» **EXERCISE INPUTS**:
_ _ _ _
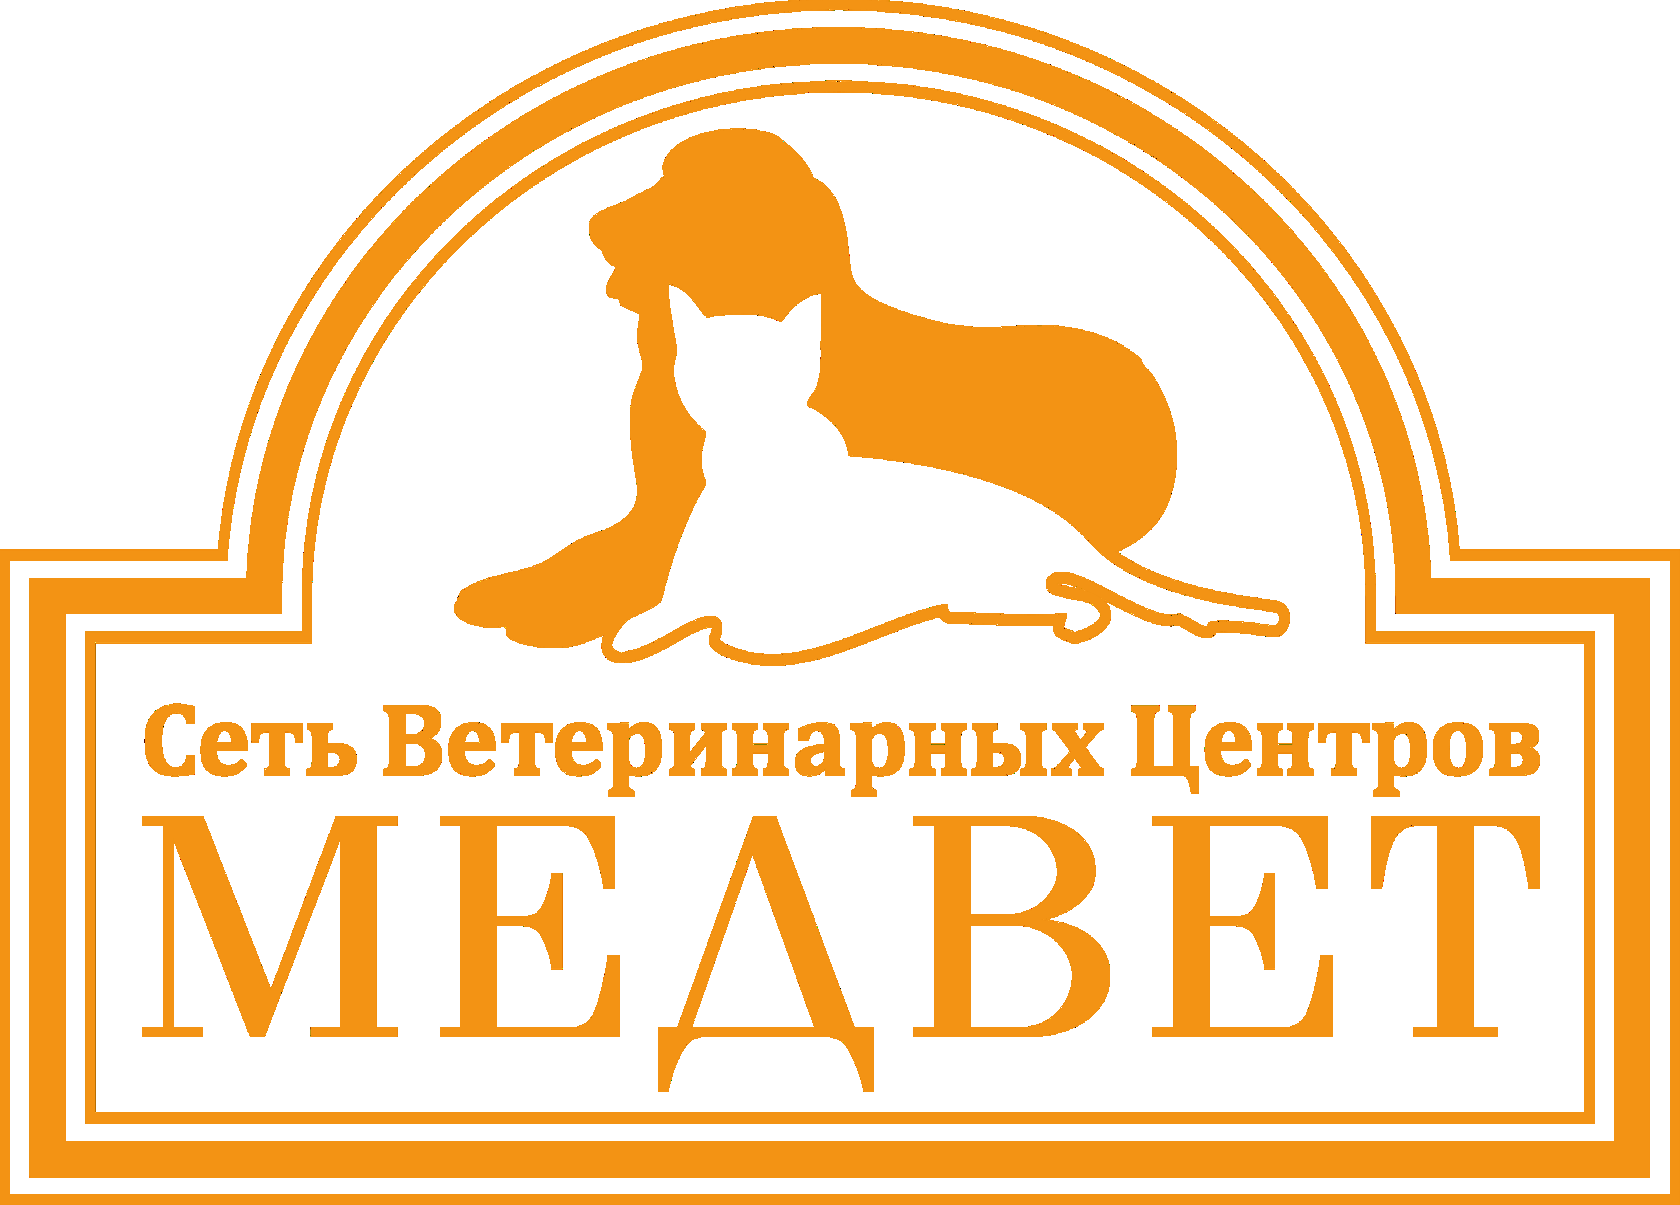 Медведь клиника ветеринарная Москва. МЕДВЕТ ветеринарная клиника Домодедово. Медвед Домодедово ветклиника. Логотип ветеринарной клиники.
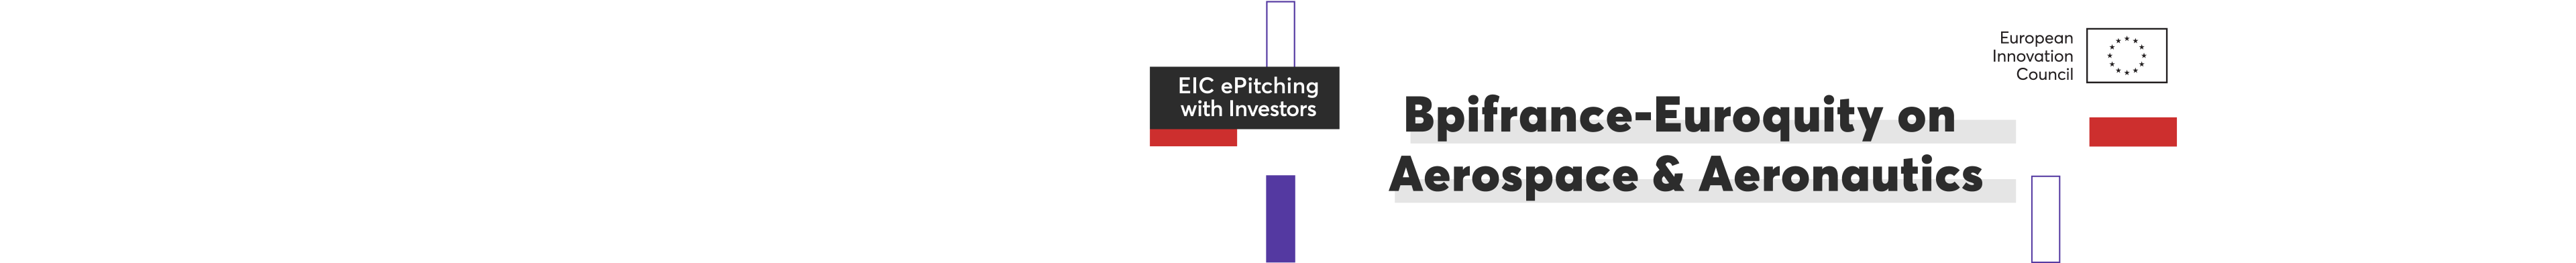 EIC_ePitching Investors_Bpifrance-Euroquity Aerospace & Aeronautics_Community_Banner
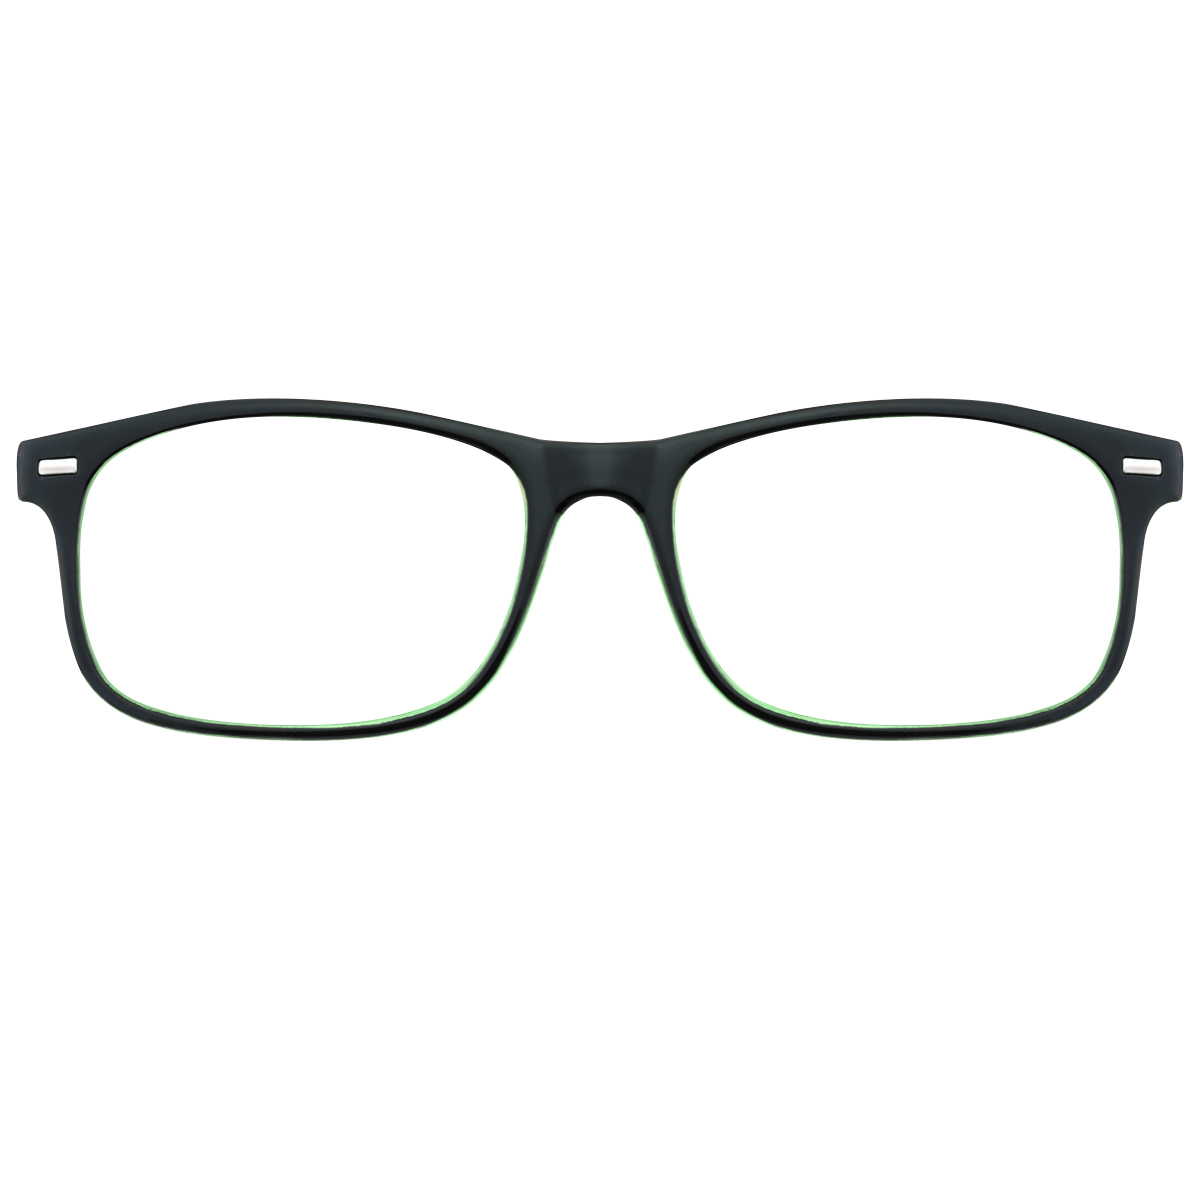 Fashion Rectangle Green  Reading Glasses for Women & Men
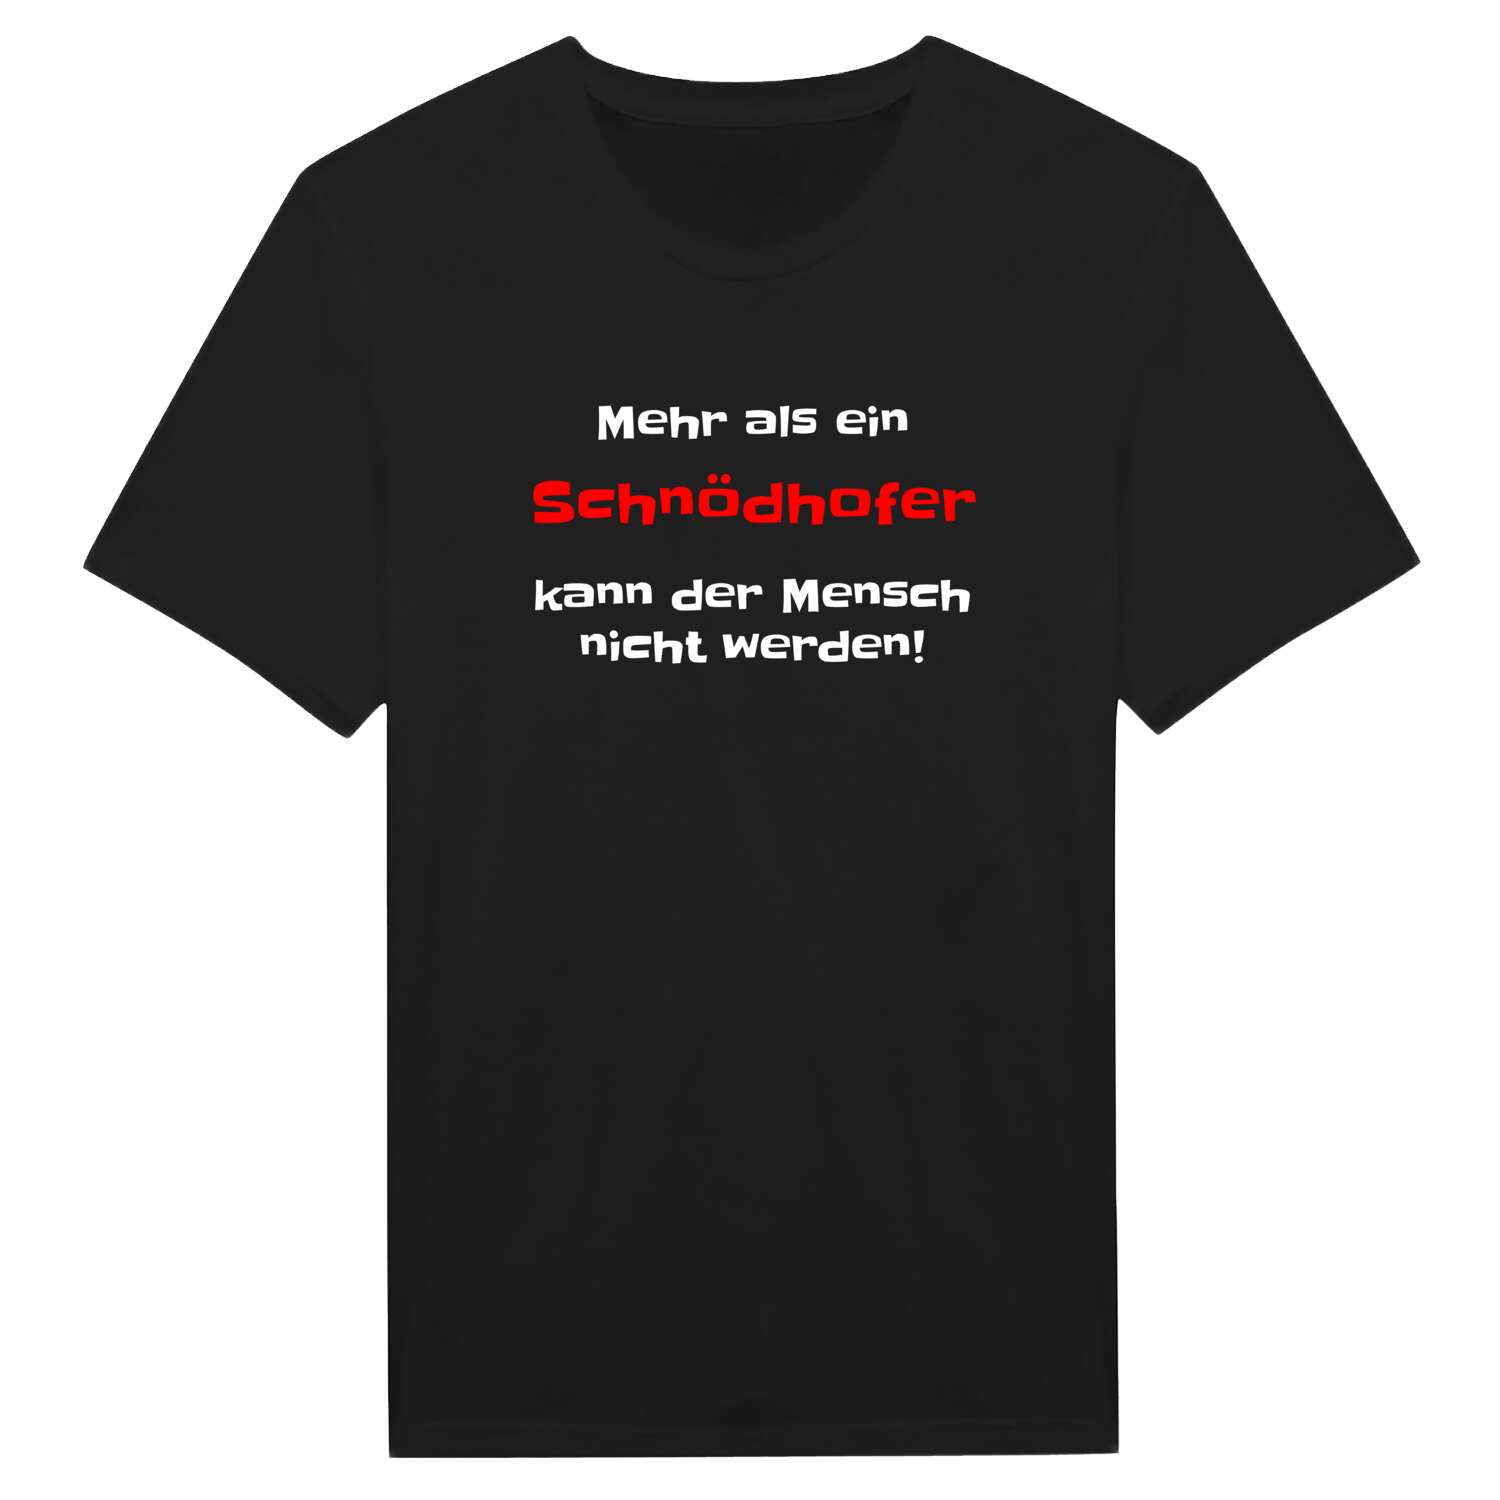 Schnödhof T-Shirt »Mehr als ein«
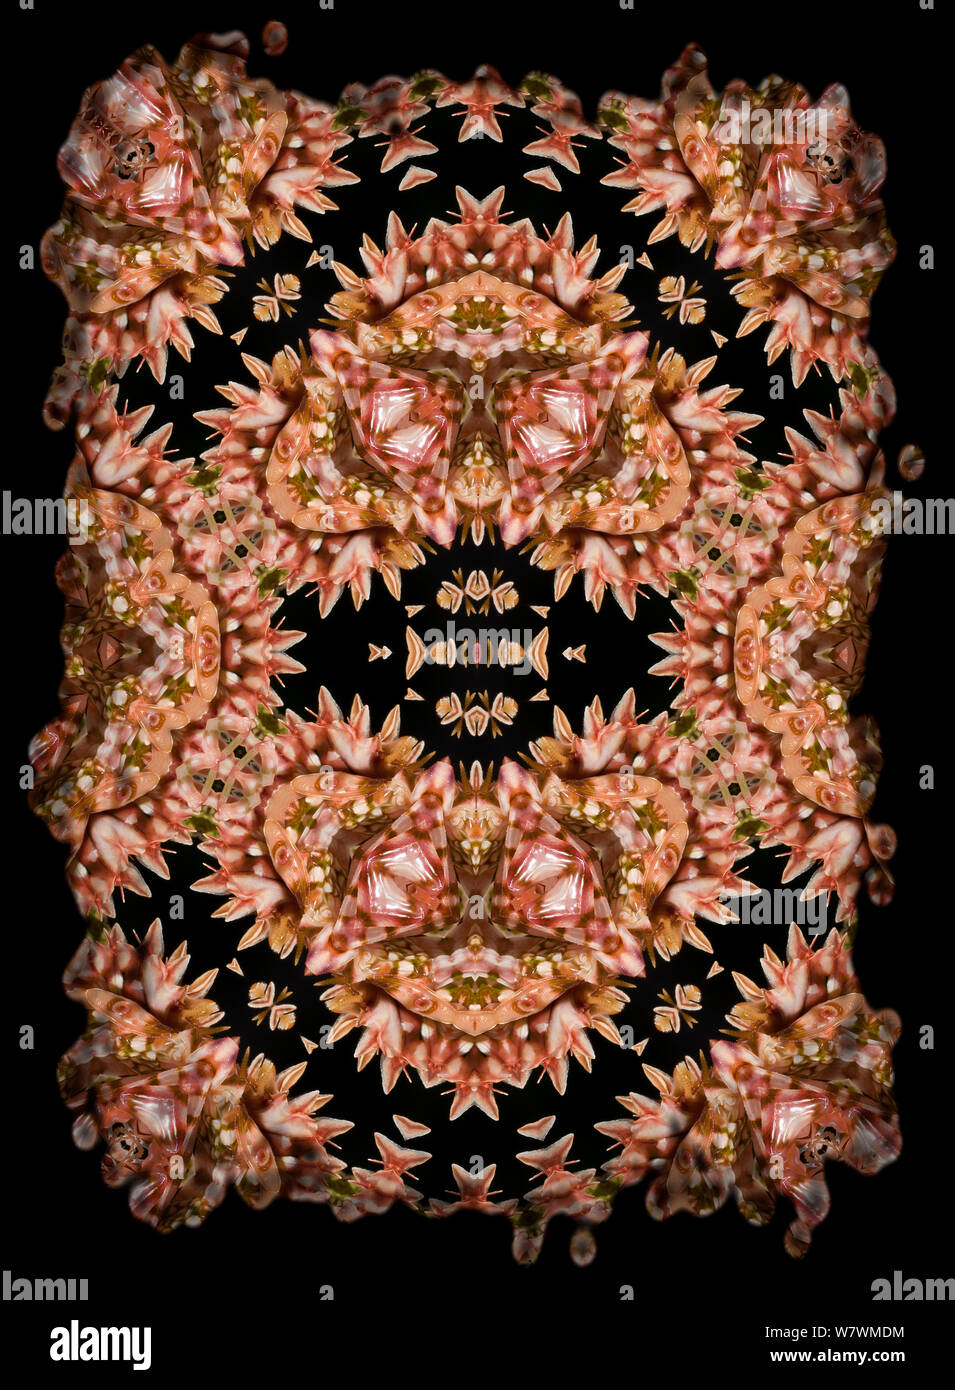 Motif kaléidoscope formé à partir de photo de fleur épineuse (Pseudocreobotra wahlbergii Mantis), formulaire rose. Limitée pour un usage éditorial jusqu'en décembre 2015 Banque D'Images
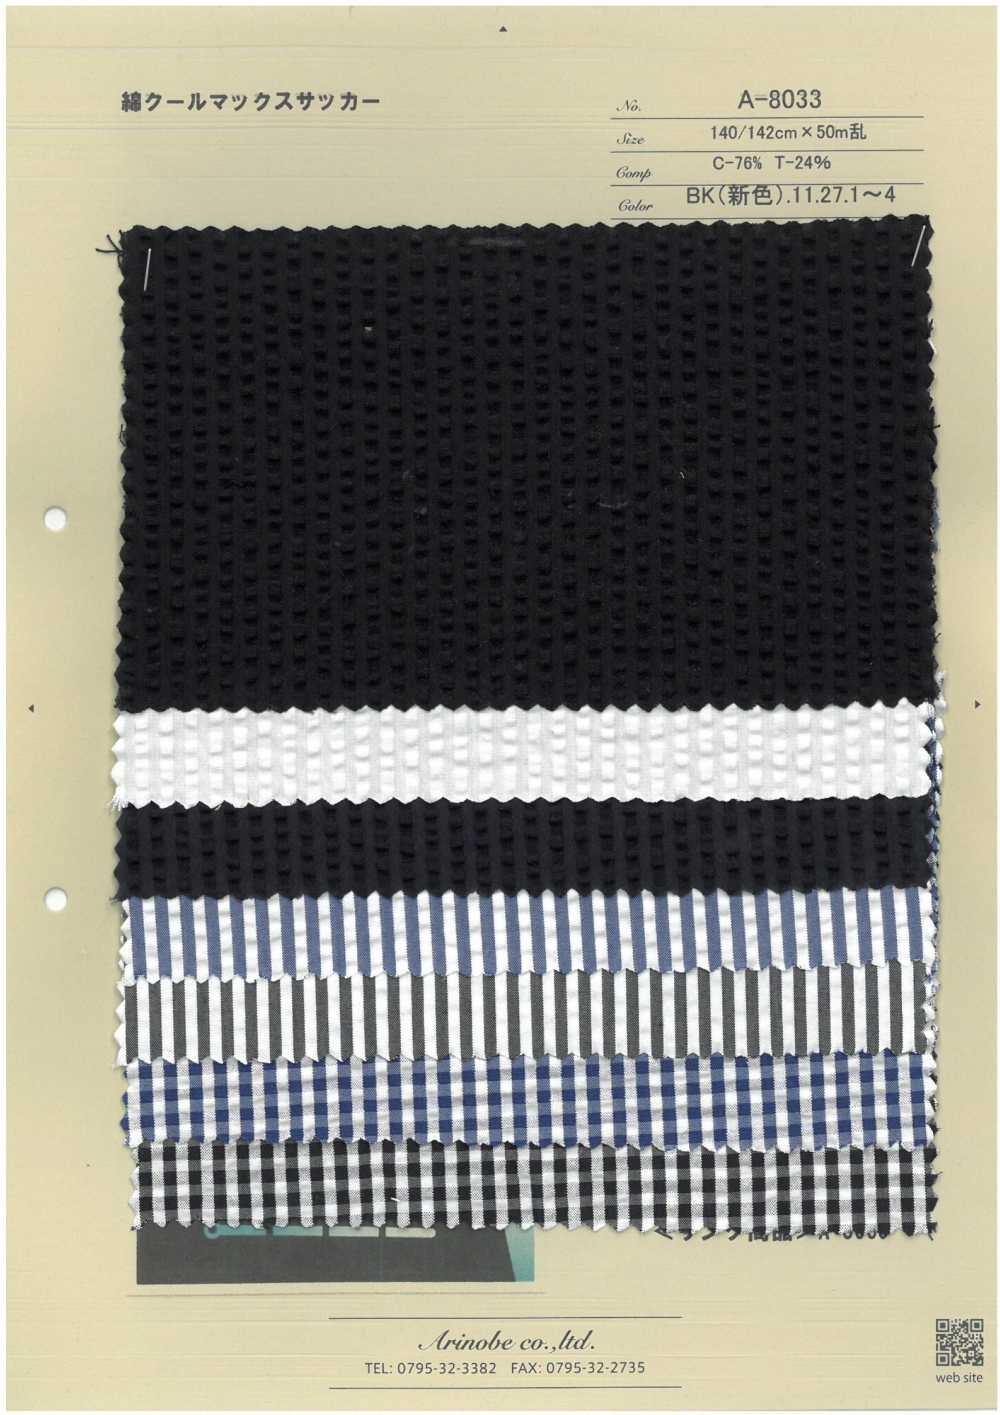 A-8033 Baumwoll-Coolmax-Seersucker[Textilgewebe] ARINOBE CO., LTD.
_ _ _ _
» **WHAT NEEDS TO BE DONE**:
Omit the pictures, then extract verbatim only those lines that fall between the line containing "Motif kaléidoscope formé" and the final line of the records above, both included.

» **SOLUTION TO THIS PROBLEM**:
 Motif kaléidoscope formé à partir de photo de fleur épineuse (Pseudocreobotra wahlbergii Mantis), formulaire rose. Limitée pour un usage éditorial jusqu'en décembre 2015 Banque D'Images
 A-8033 Baumwoll-Coolmax-Seersucker[Textilgewebe] ARINOBE CO., LTD.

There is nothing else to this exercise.